Required action:
Print all the data that follows exactly, images excluded.

Stored data:

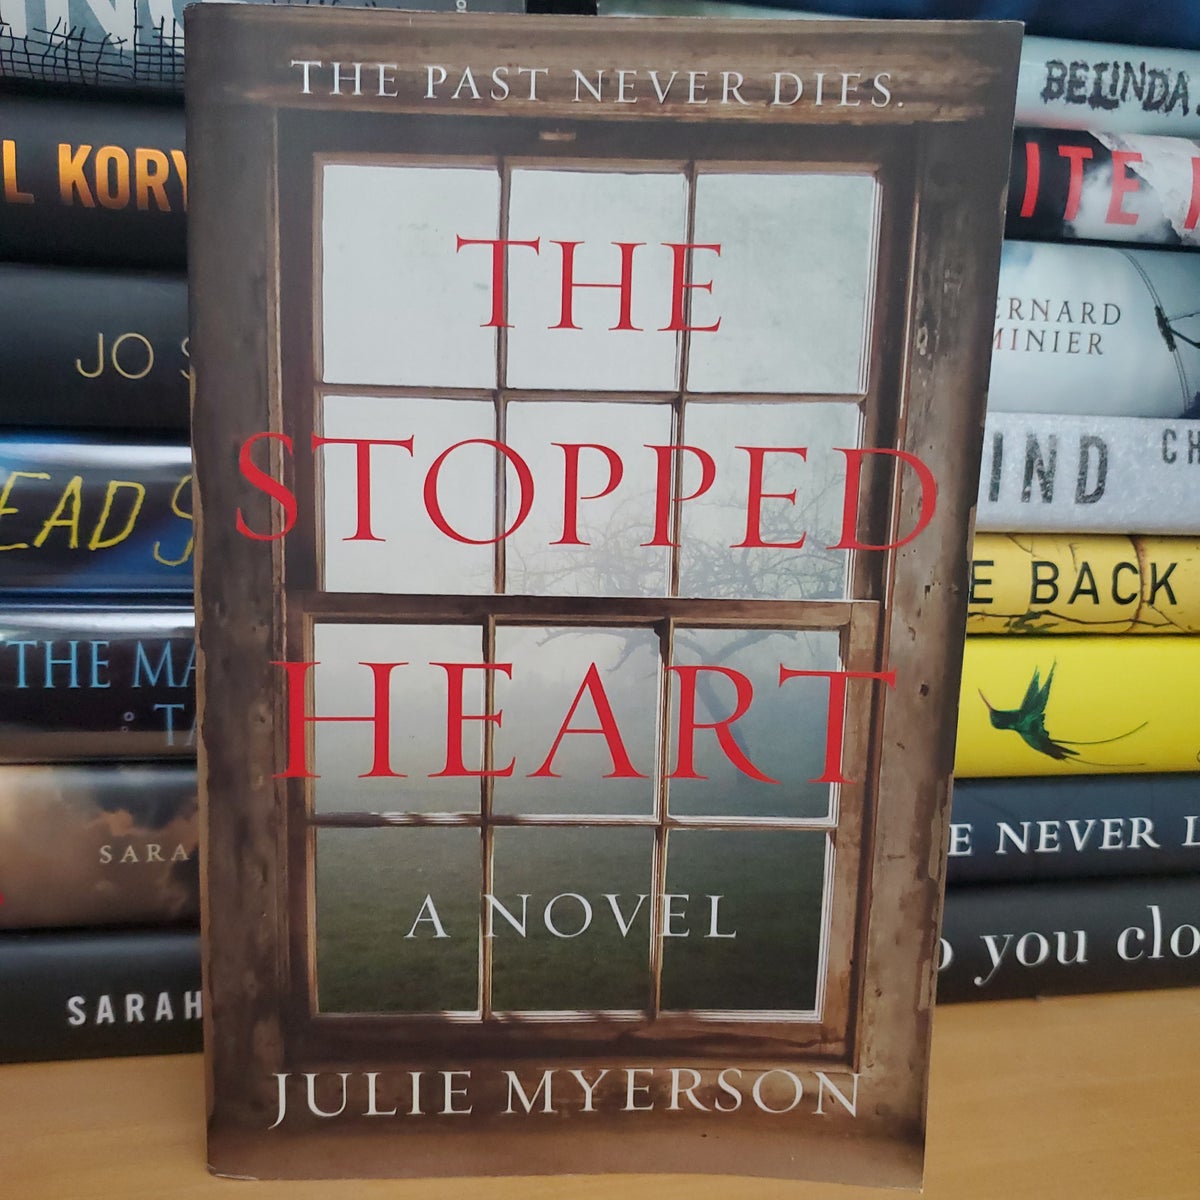 The Stopped Heart by Julie Myerson, Paperback
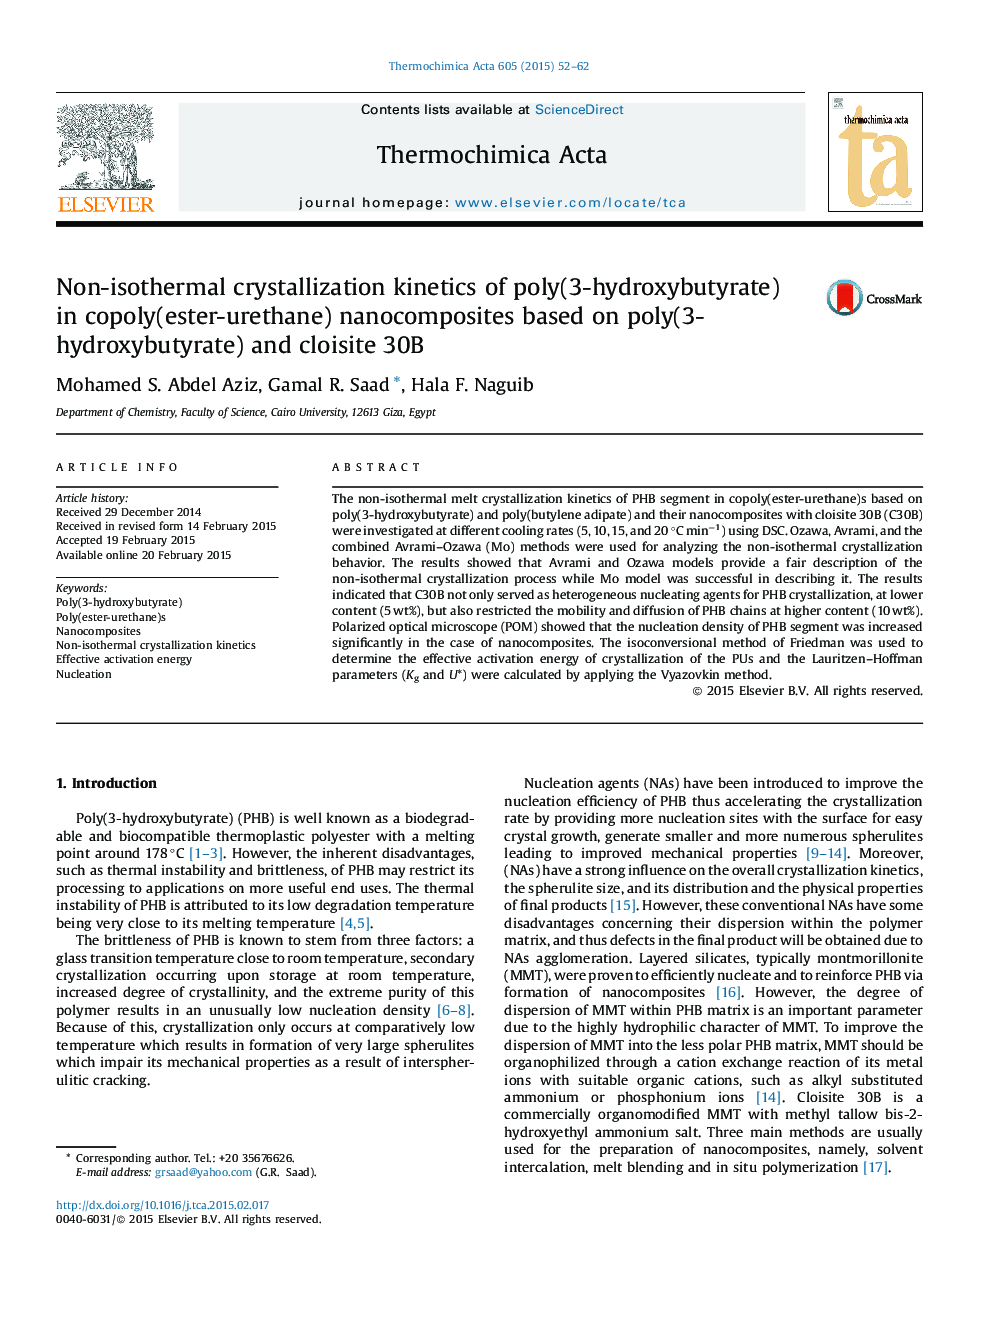 Non-isothermal crystallization kinetics of poly(3-hydroxybutyrate) in copoly(ester-urethane) nanocomposites based on poly(3-hydroxybutyrate) and cloisite 30B
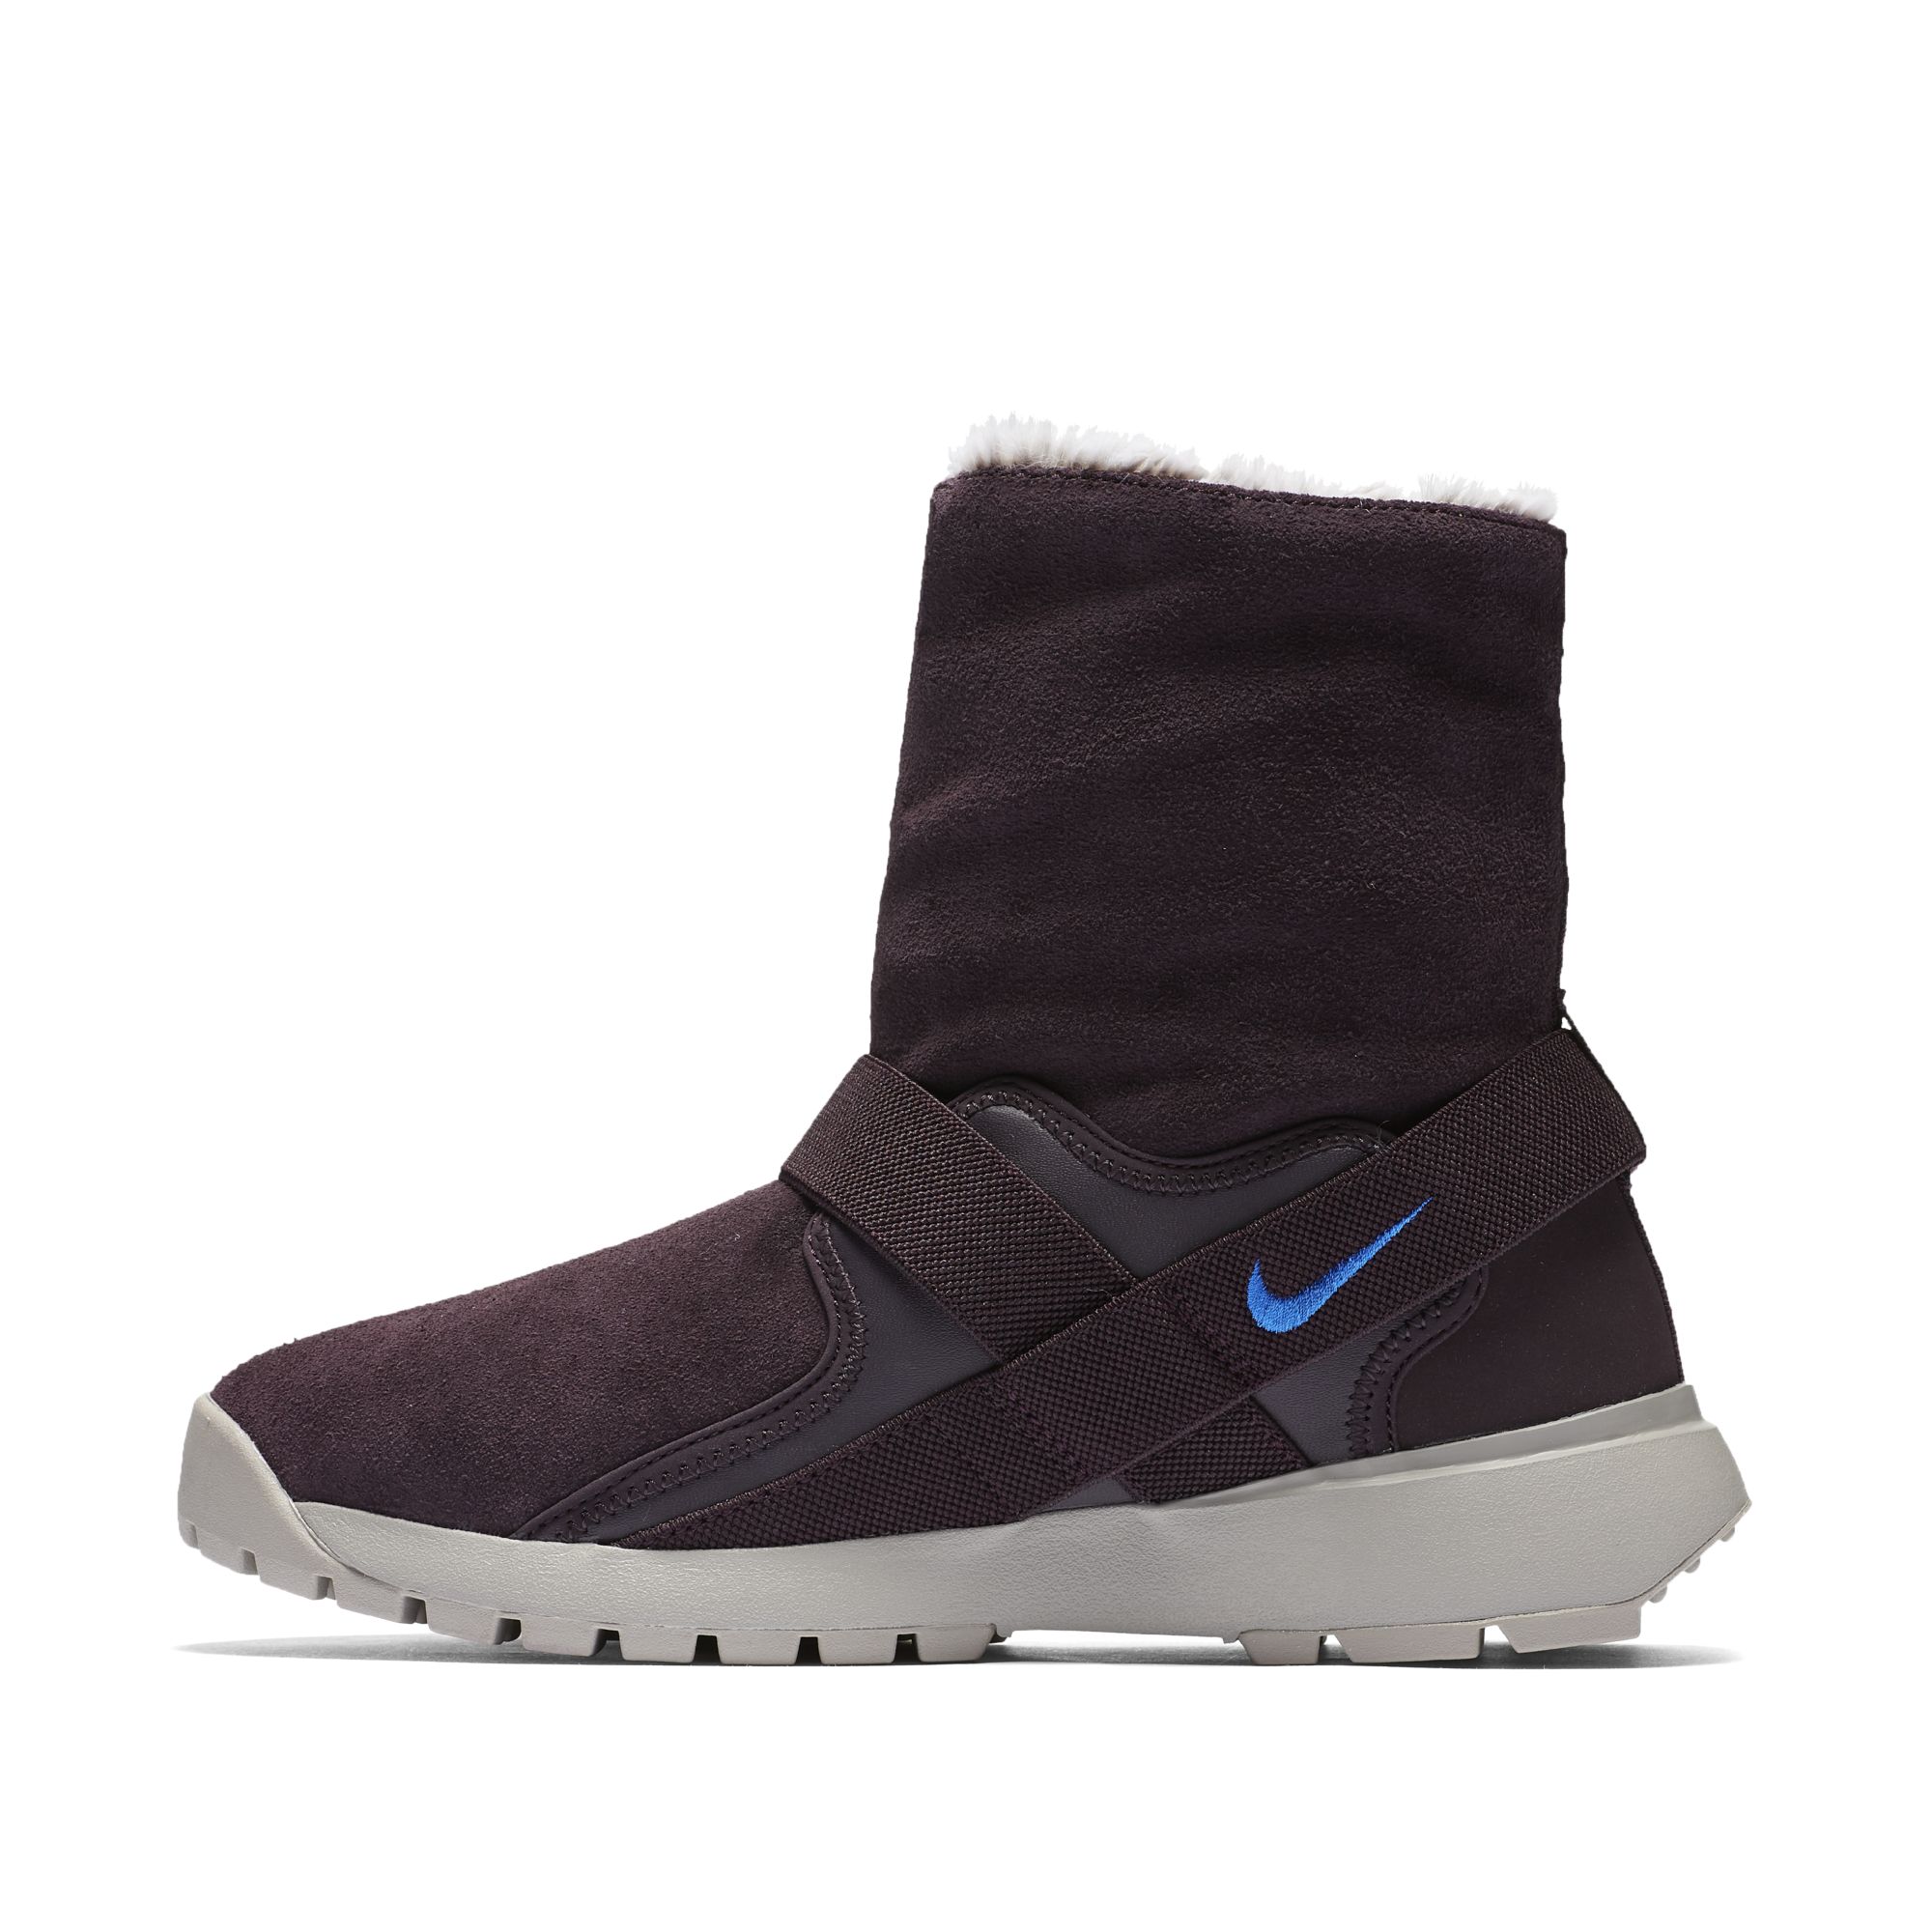 Nike Has Created its Own Ugg, the 
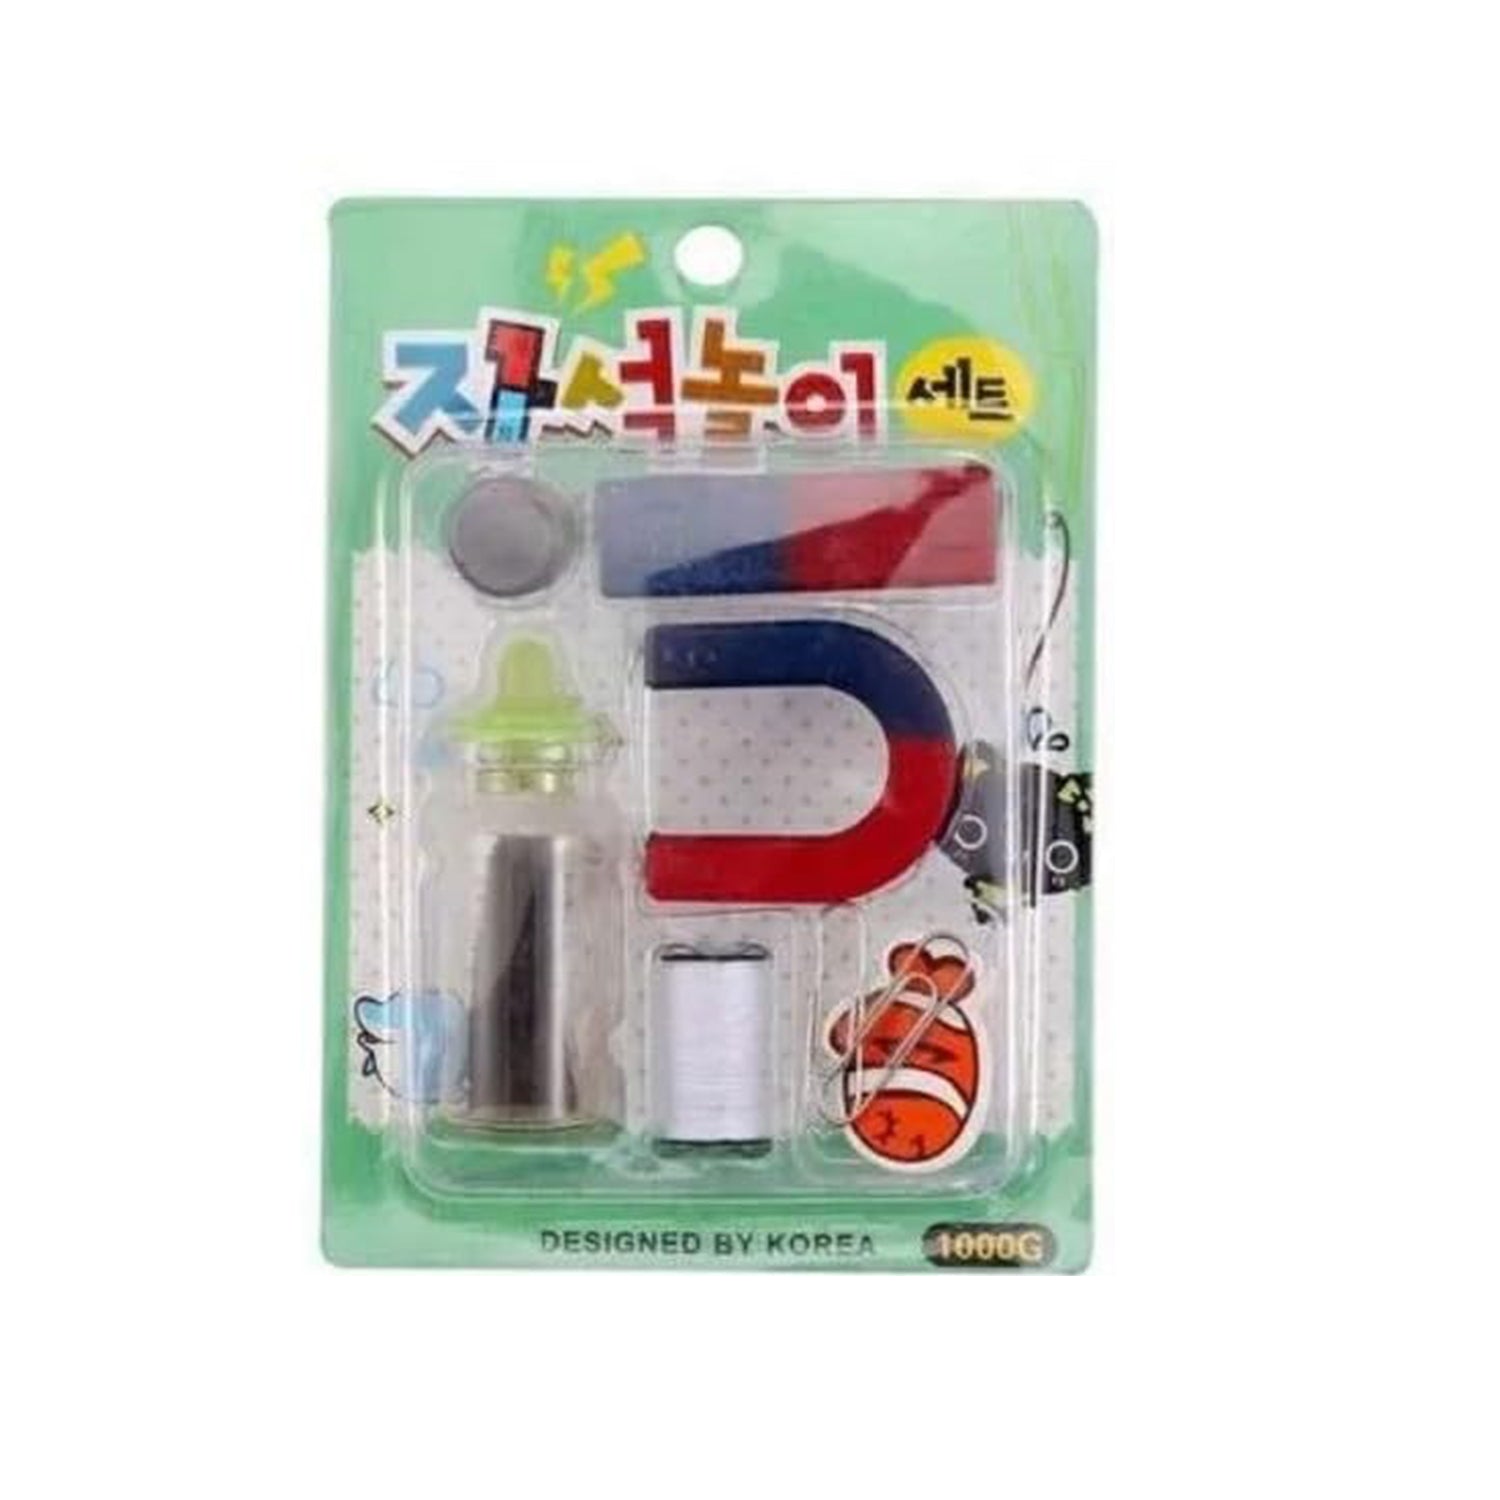 8880 Teaching Aids Magnetic Science Kit Funny Kids DIY Science Kits Educational Experiment Games

Answer to the problem:
 The Stopped Heart by Julie Myerson, Paperback
 Non-isothermal crystallization kinetics of poly(3-hydroxybutyrate) in copoly(ester-urethane) nanocomposites based on poly(3-hydroxybutyrate) and cloisite 30B
 Nike Has Created its Own Ugg, the 
 8880 Teaching Aids Magnetic Science Kit Funny Kids DIY Science Kits Educational Experiment Games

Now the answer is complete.